» **Task brief**
Take the lines in the listing below from the line with "entreprise de bureau" up to and including the line with "Womens Uneek Zip" and set them down exactly, skipping pictures and adding nothing.

» **Supplied information**
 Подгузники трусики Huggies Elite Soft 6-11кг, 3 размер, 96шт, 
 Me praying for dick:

---

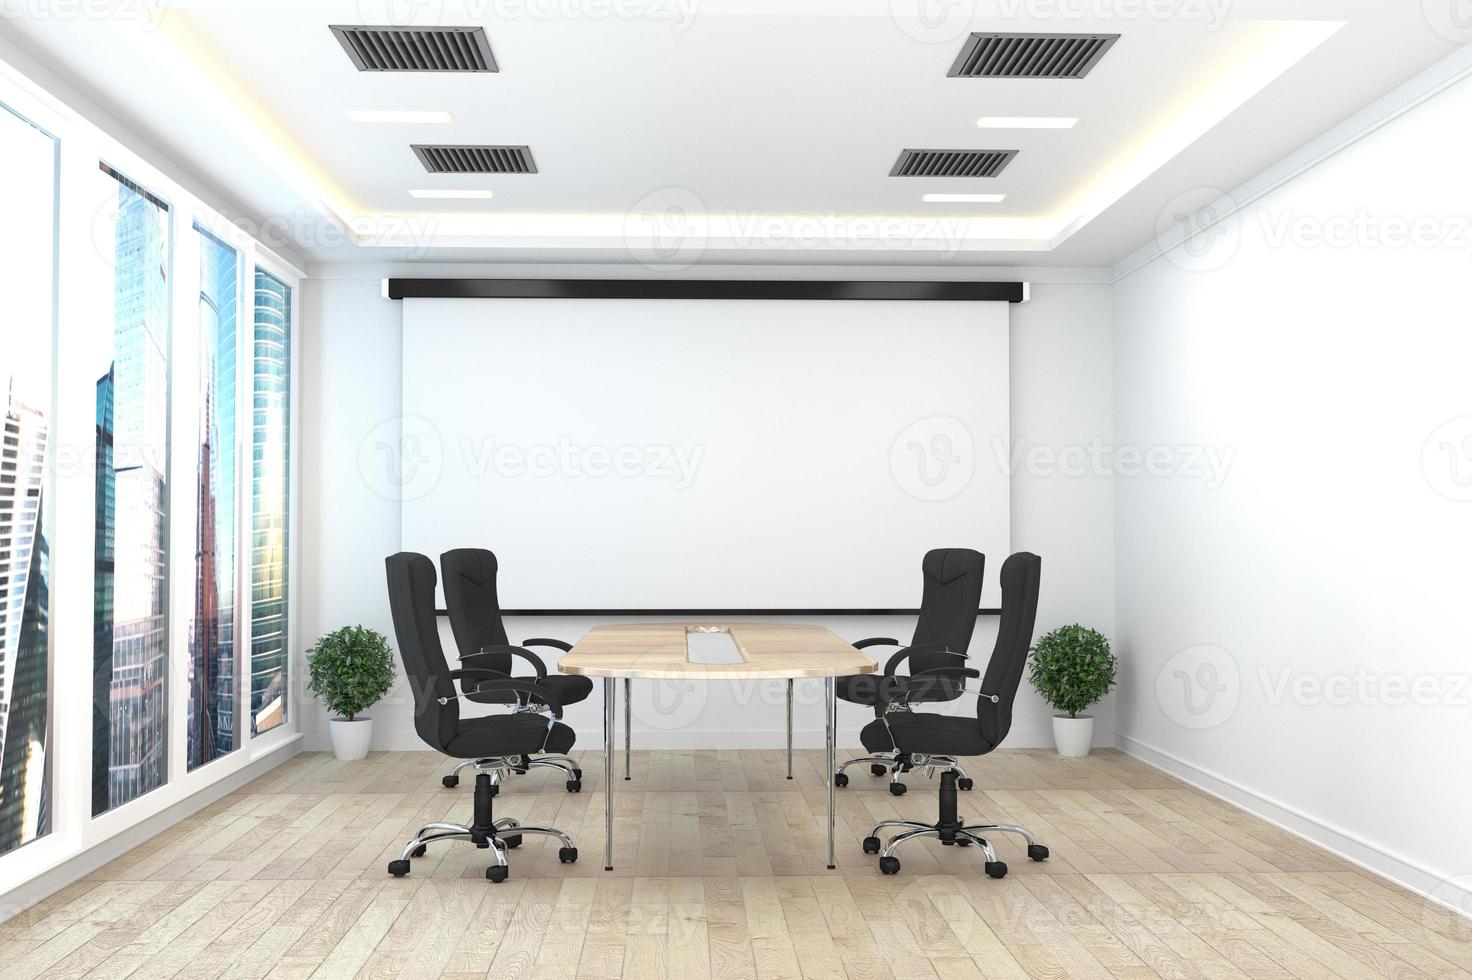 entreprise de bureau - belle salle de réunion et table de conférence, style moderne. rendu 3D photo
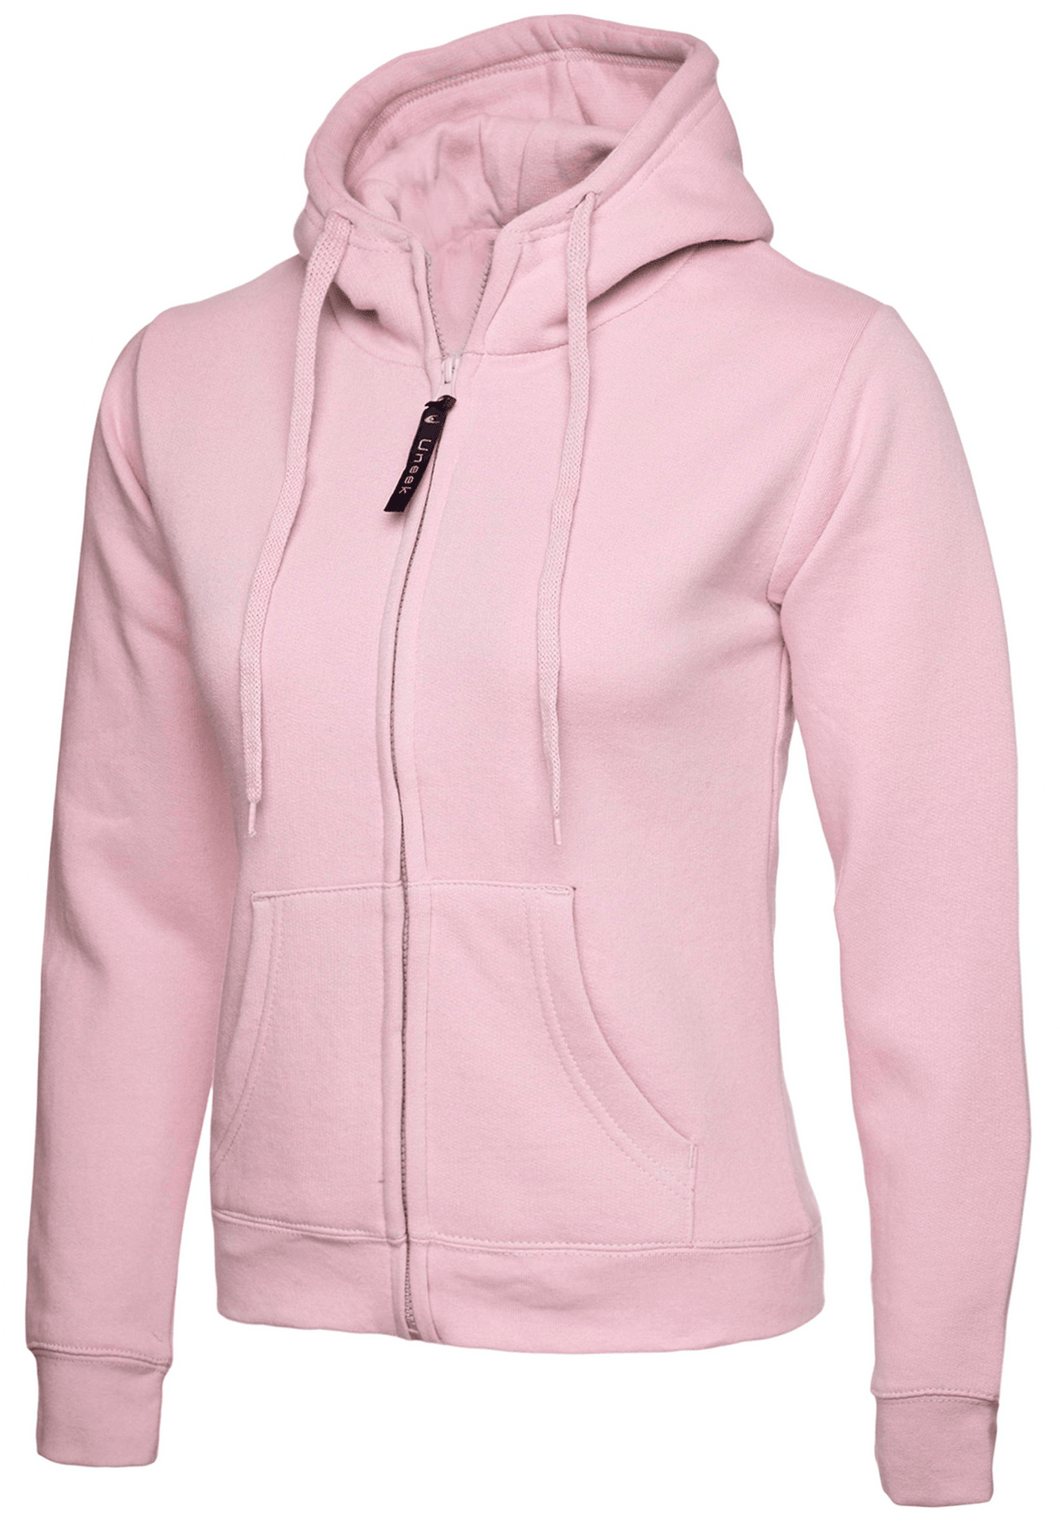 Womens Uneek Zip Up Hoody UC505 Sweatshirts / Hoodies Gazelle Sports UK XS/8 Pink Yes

» **Answer for the task**
 entreprise de bureau - belle salle de réunion et table de conférence, style moderne. rendu 3D photo
 Womens Uneek Zip Up Hoody UC505 Sweatshirts / Hoodies Gazelle Sports UK XS/8 Pink Yes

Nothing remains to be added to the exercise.